Amherst Cinema is running a couple of special screenings this week, beginning with film noir classic The Big Sleep. Screening as part of the ongoing Humphrey Bogart festival, Howard Hawks’ 1946 film comes with quite a pedigree: it’s based on the Philip Marlowe detective novel by Raymond Chandler; the screenplay was crafted by The Sound and The Fury novelist William Faulkner. Famously convoluted in its plot (Faulkner and his writing partners tried to consult with Chandler, who, it turned out, was just as befuddled by his own pretzel-twisting), it still somehow works as an experience in lost glamour, thanks in no small part to Bogart’s leading lady, Lauren Bacall. It plays Sunday at 2 p.m., and Wednesday at 7:30 p.m.

And on Tuesday, July 26, the theater hosts a 7 p.m. broadcast of Chekhov’s The Cherry Orchard as part of Britain’s National Theatre Live series. Set in the early 1900s, The Cherry Orchard traces changing times in Russia’s history as an aristocratic family begins to crumble. Holding on to the one remnant of their past—the family’s famous orchard—a brother and sister find themselves unable to face the future.

Also this week, Hadley’s Cinemark Theaters plays host to two special events that show just how varied a schedule the big-box theater can present with its many screens. Not content to limit its offerings to the latest shiny blockbusters, the theater has branched out in many directions, hosting live feeds of concerts and sporting events, sing-along shows of classic musicals, and more. The two shows it brings in this week fall decidedly into the “more” category.

First up is one of the more unusual offerings to come to Cinemark in recent years. Tekken Blood Vengeance, screening Tuesday at 7:30 p.m., is a 3D extravaganza based on one of the world’s most popular video game franchises. The film—a standalone kidnapping story whose events fall between the fifth and sixth installments in the enduring game series—was scripted by Dai Sato (Cowboy Bebop) and features a mix of sci-fi and fantasy blended with martial arts action.
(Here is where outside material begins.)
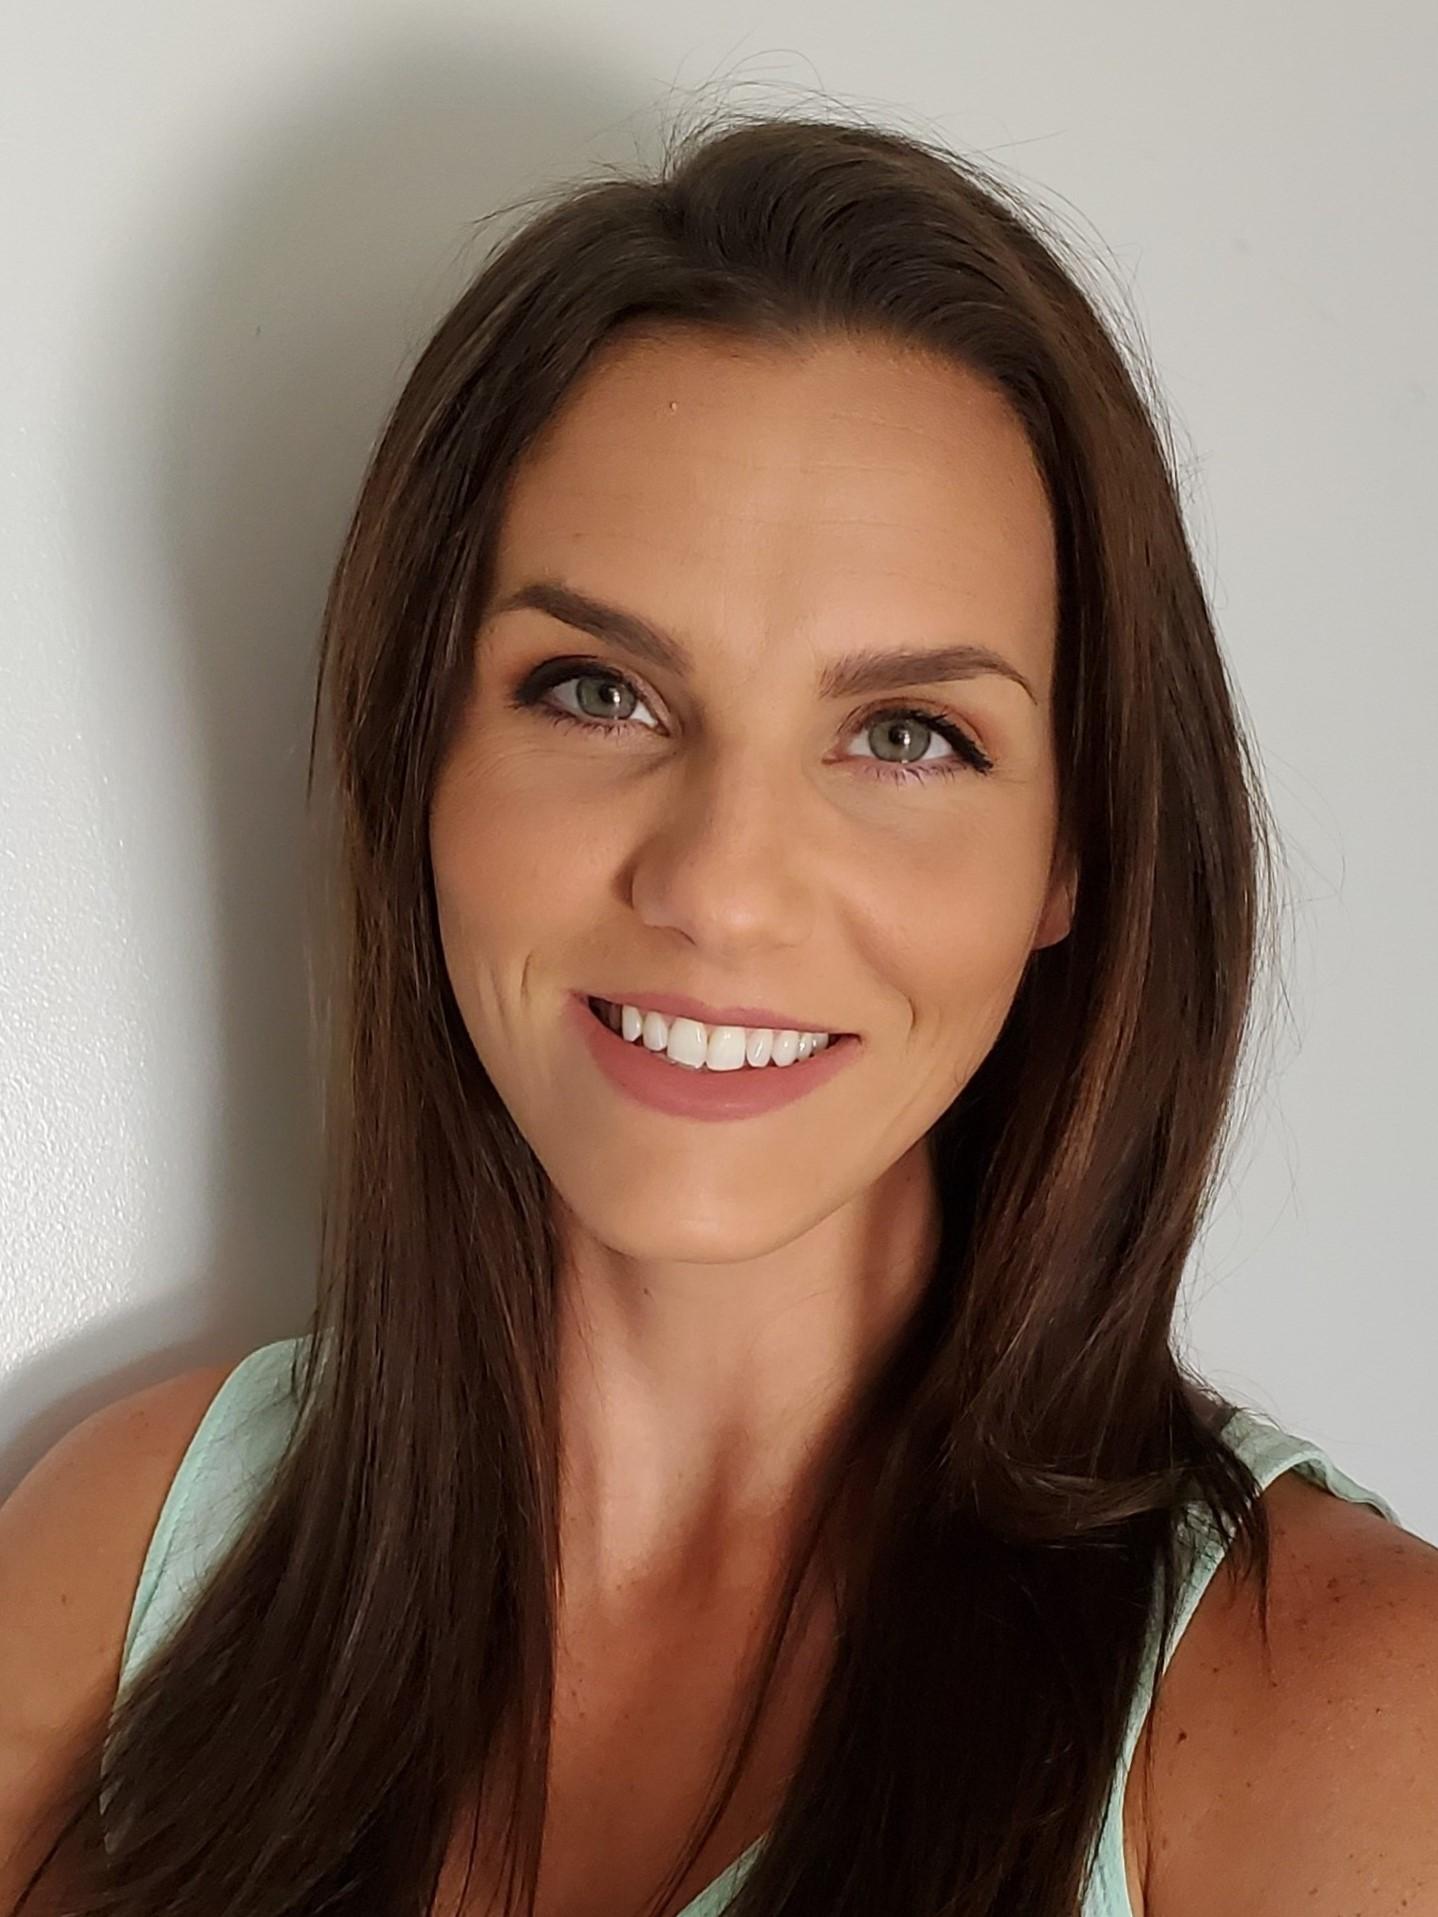 Mrs. Tara Waltz Image

But don’t call it a martial arts movie—despite (or maybe because of) its video game roots, Tekken prides itself on the wide reach of its mysterious story. As an added bonus for fans, screenwriter Sato and Tekken project director Katsuhiro Harada will also provide a behind-the-scenes perspective on how the film came together.

The following night, the theater brings in the highest of high culture when it presents a 6:30 p.m. encore performance of Verdi’s Don Carlo, acclaimed as Verdi’s most ambitious work, in a production at New York City’s Metropolitan Opera. The show was directed by Nicholas Hytner (The History Boys) in his Met debut. It takes its story from the historical drama of the title character, whose life was thrown into disarray when the woman he was to marry instead wed his father, Philip II of Spain, as a matter of political expediency at the end of a 16th-century war. Roberto Alagna stars, with Ferruccio Furlanetto as King Philip and Marina Poplavskaya as Elisabeth of Valois, the woman between them.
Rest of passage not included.